Remember when it felt like Layer-2s—Arbitrum, Base, and others—were the inevitable future? Through 2024 and early 2025, users and liquidity rushed there for cheaper fees, and it looked like Ethereum L1 was being slowly bypassed.
Then 2025 told a different story.
According to 2025 data, Ethereum became the top destination for net capital inflows, pulling in $4.2 billion. This wasn’t gradual growth—it was a clear migration of high-value liquidity back from other networks to the main chain.
The contrast is telling. The largest net outflow came from Arbitrum, signaling that DeFi whales and major protocols were repositioning. Yes, L2s still process over 93% of all transactions—that remains their strength. But when you look at where the money sits, the picture flips: 86.5% of the ecosystem’s total economic value is now concentrated on Ethereum L1.
So why did capital move back?
First: security regained priority.
After events like the October 10, 2025 liquidation, risk tolerance dropped fast. More complex and younger L2 constructions suddenly felt fragile. When uncertainty rose, capital flowed toward the most battle-tested and secure environment—Ethereum mainnet.
Second: fees fell while liquidity deepened.
Ethereum gas costs returned to historically low levels, making L1 viable again for large transactions. For big players, once fees stopped being painful, there was little reason to accept additional layers of complexity.

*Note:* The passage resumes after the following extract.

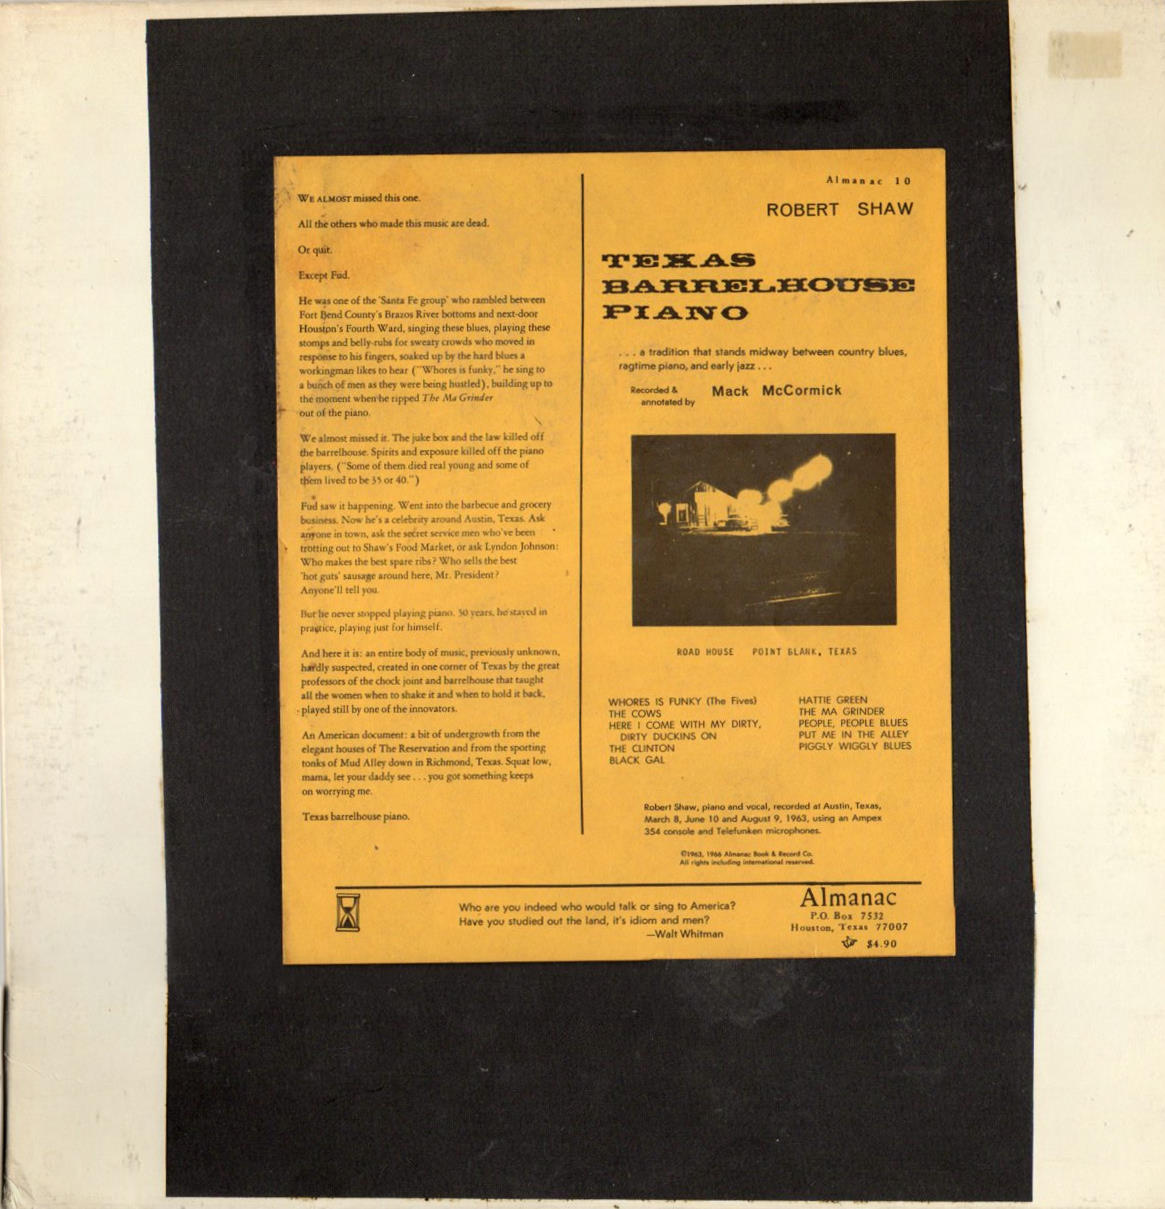 Mack McCormick's Almanac label LP of Robert Shaw

Third: Ethereum remains the standard settlement hub.
The most important bridges anchor to Ethereum. The deepest stablecoin liquidity lives in ERC-20 form. When funds need to move to exchanges, major protocols, or the most liquid venues, they naturally route back to L1. Ethereum functions as the central settlement layer for the entire crypto ecosystem.
Interestingly, Ethereum wasn’t the only winner. Hyperliquid, a derivatives-focused L1, ranked second with $2 billion in net inflows. That reinforces the broader pattern: capital isn’t loyal to a chain’s label—it follows activity, depth, and liquidity.
So what’s the takeaway?
2025 showed that Ethereum isn’t locked in a zero-sum L1 vs. L2 battle. Instead, the ecosystem behaves like a single layered system. L2s have become efficient zones for frequent, low-cost actions. Ethereum L1 has cemented itself as the capital—the place where core value is stored, large trades settle, and maximum security is expected.
The open question remains:
Is this concentration of liquidity on Ethereum L1 a lasting structural shift, or just a risk-off phase? When confidence returns in 2026, will capital once again chase yield across L2s and L3s?